Фреймо, дойдя до двери, был остановлен Тельнецким и получил ещё один приказ: выпустить из тюрьмы всех арестованных по делу Барковского, на что сквозь зубы возразил:
– Но там не всё так однозначно. Нужно по каждому разобраться, определить причастность.
– Барковский был арестован незаконно, значит, и каждый, кто идёт по его делу, арестован незаконно. Да и это не по закону – держать людей в тюрьме, когда они только хотели справедливости.
– У каждого своё понятие о справедливости, вот, скажем…

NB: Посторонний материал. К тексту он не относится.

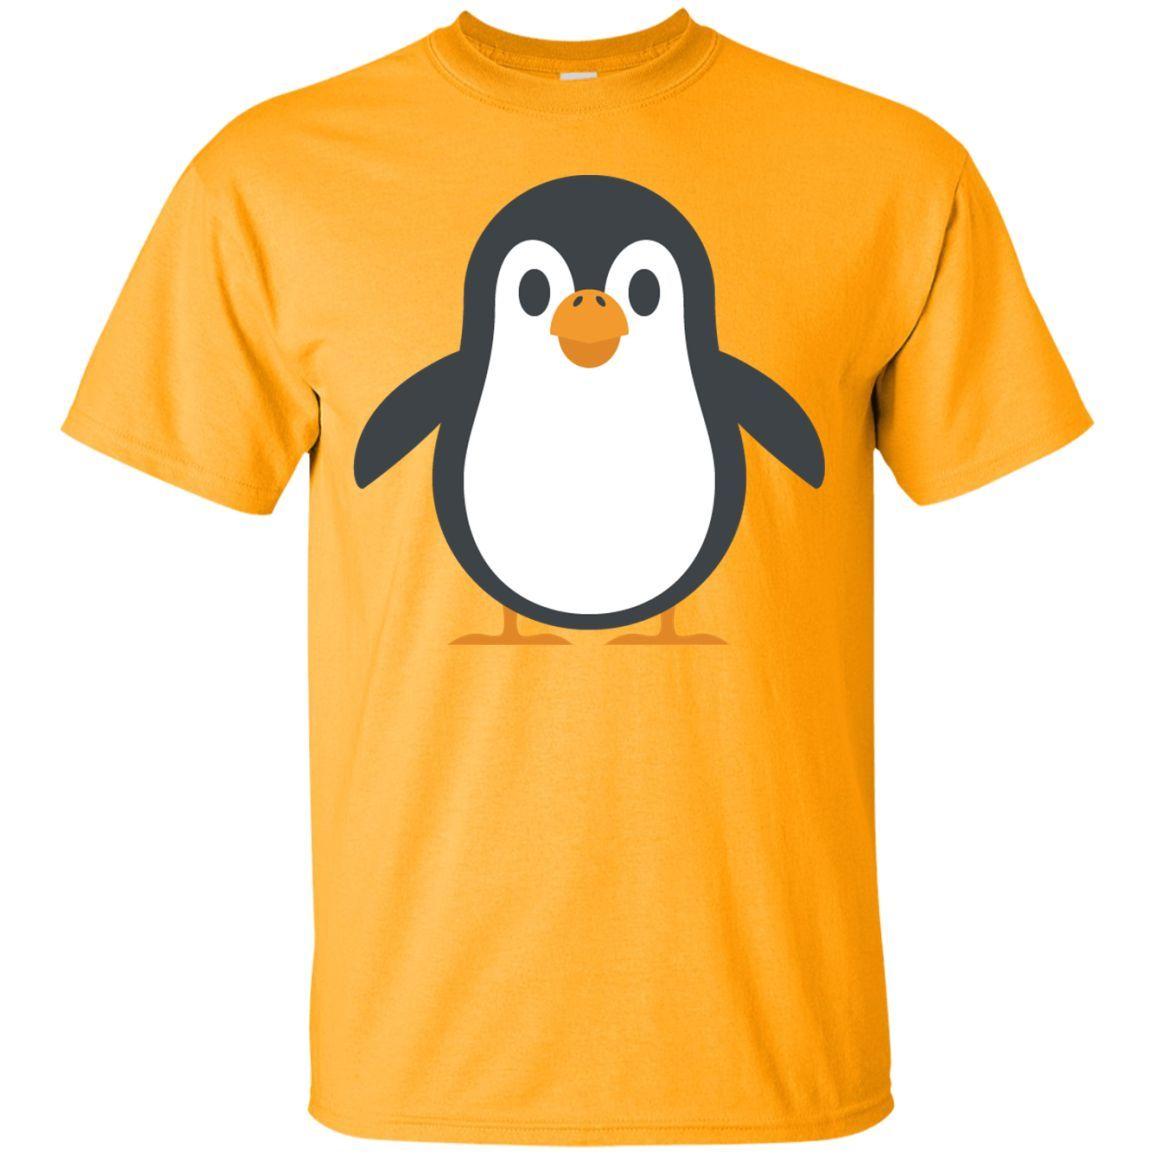 Penguin Emoji Unisex TShirt Shirts, T shirt, Save the

Тельнецкий не позволил заместителю начать свои рассуждения и резко скомандовал:
– Исполнять немедленно.
Пока конвоиры возились с кандалами, Тельнецкому подали чай, но он демонстративно поправил солдата, приказав подать чай бывшему арестанту.
– Александр Александрович, нужно срочно восстановить связь с Москвой, – обратился Тельнецкий к Барковскому, когда солдаты вышли и тот наливал себе вторую чашку чая.
– Это можно и даже нужно сделать, но для начала я попрошу Никанора Ивановича рассказать нам, почему он не сопровождает в Петроград мою жену и моего ребёнка?
Никанор Иванович сначала спрятал глаза, видимо, от угрызений совести, но через несколько секунд поднял голову и резко ответил:
– Александр Александрович, я вчера, ещё по пути на вокзал осознал, что Николя могут расстрелять. Понимаете меня?.. Я посадил вашу жену и дочь в вагон, они уехали. Я сделал всё, что мог… Я боялся, что сына расстреляют, да и меня тоже могли к стенке поставить. Вы не волнуйтесь. Будем надеяться, они доедут и с ними всё будет хорошо.
– Благодарю вас за надежду, – ответил задумчиво Барковский и после небольшой паузы обратился: – Никанор Иванович, отвезёте записку?
Никанор Иванович не мог бы себе представить отказ. Он тут же надел пальто и протянул руку, мол, давайте записку. Пока Барковский писал записку крестнику, Тельнецкий обдумывал, как бы начать разговор на волнующую его тему, и заговорил только после того, как Никанор Иванович покинул кабинет:
– Александр Александрович, нам сейчас нужно разработать план, как собрать провизию для Красной армии. Если не соберём, пойдём по следам Кремнева. И будьте уверены – мы пойдём, а не только я.